Starr v. Sony BMG Music Entmʹt, 592 F.3d 314, 321 (2d Cir. 2010) (internal citation
omitted). “Futility is a determination, as a matter of law, that proposed
amendments would fail to cure prior deficiencies or to state a claim under Rule
12(b)(6) of the Federal Rules of Civil Procedure.” Panther Partners Inc. v. Ikanos
Commcʹns, Inc., 681 F.3d 114, 119 (2d Cir. 2012). “In assessing whether the
proposed complaint states a claim, we consider the proposed amendment[s] . . .

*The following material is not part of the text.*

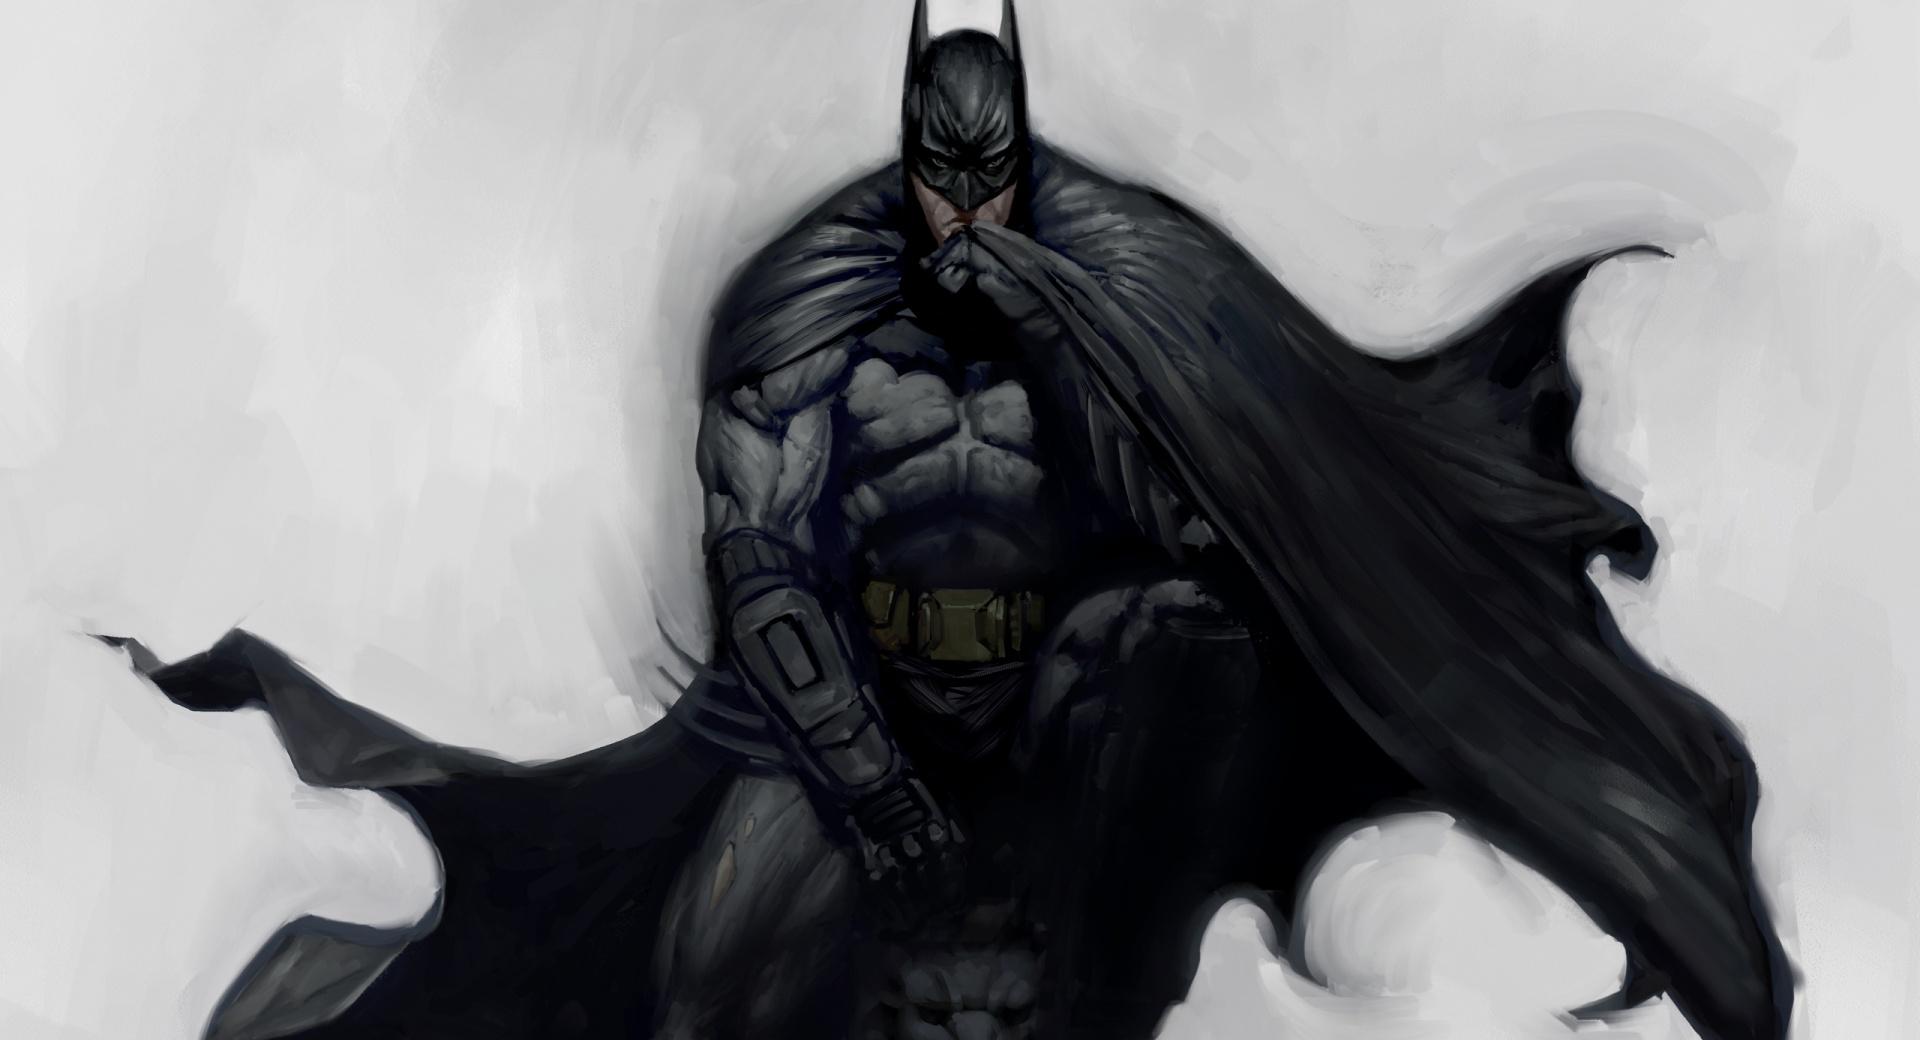 Batman Arkham City Artwork at 2048 x 2048 iPad size wallpapers HD quality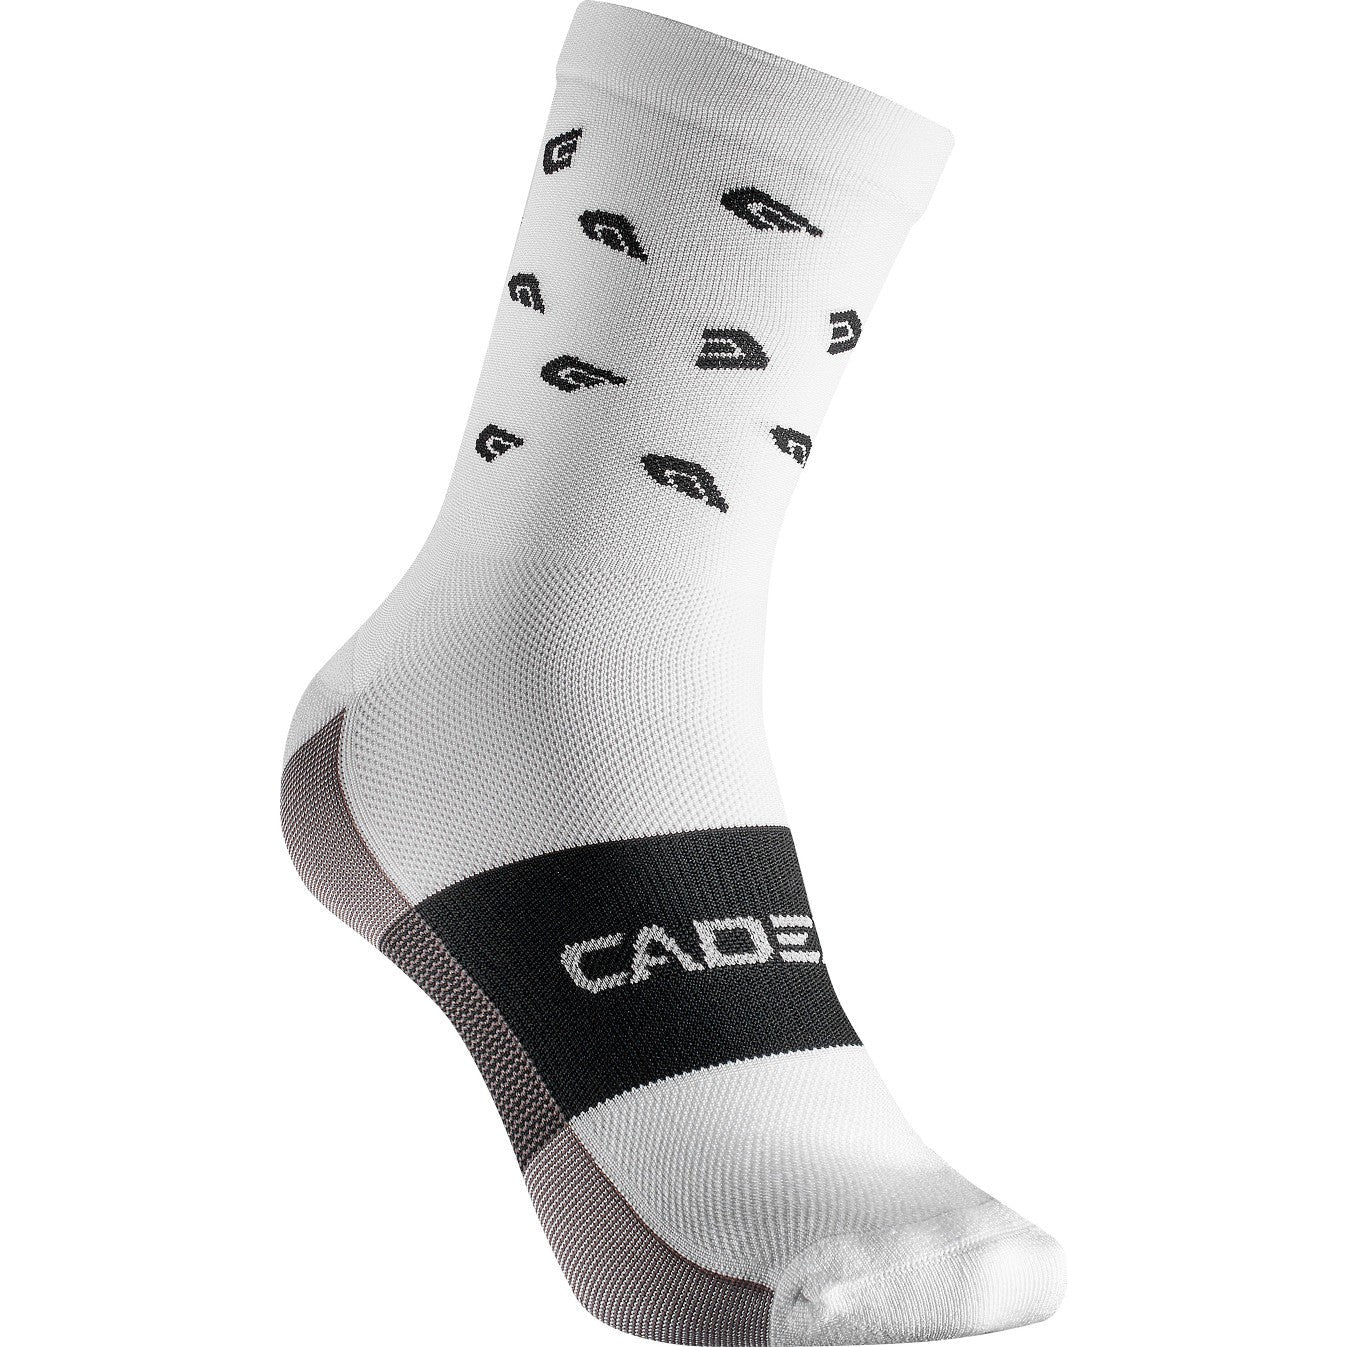 Cadex Cycling Socks - Socks - Bicycle Warehouse

along with the remainder of the complaint, accept as true all non‐conclusory
factual allegations therein, and draw all reasonable inferences in plaintiffʹs favor
to determine whether the allegations plausibly give rise to an entitlement to
relief.” Id. (internal citations and quotation marks omitted, alteration in
original).
As the district court determined, any further amendment would be futile.
Boonmalert already amended his complaint once after the City’s first motion to
dismiss, and he alleges no new facts that would cure the pleading deficiencies.
Accordingly, the sentence of the district court is hereby AFFIRMED.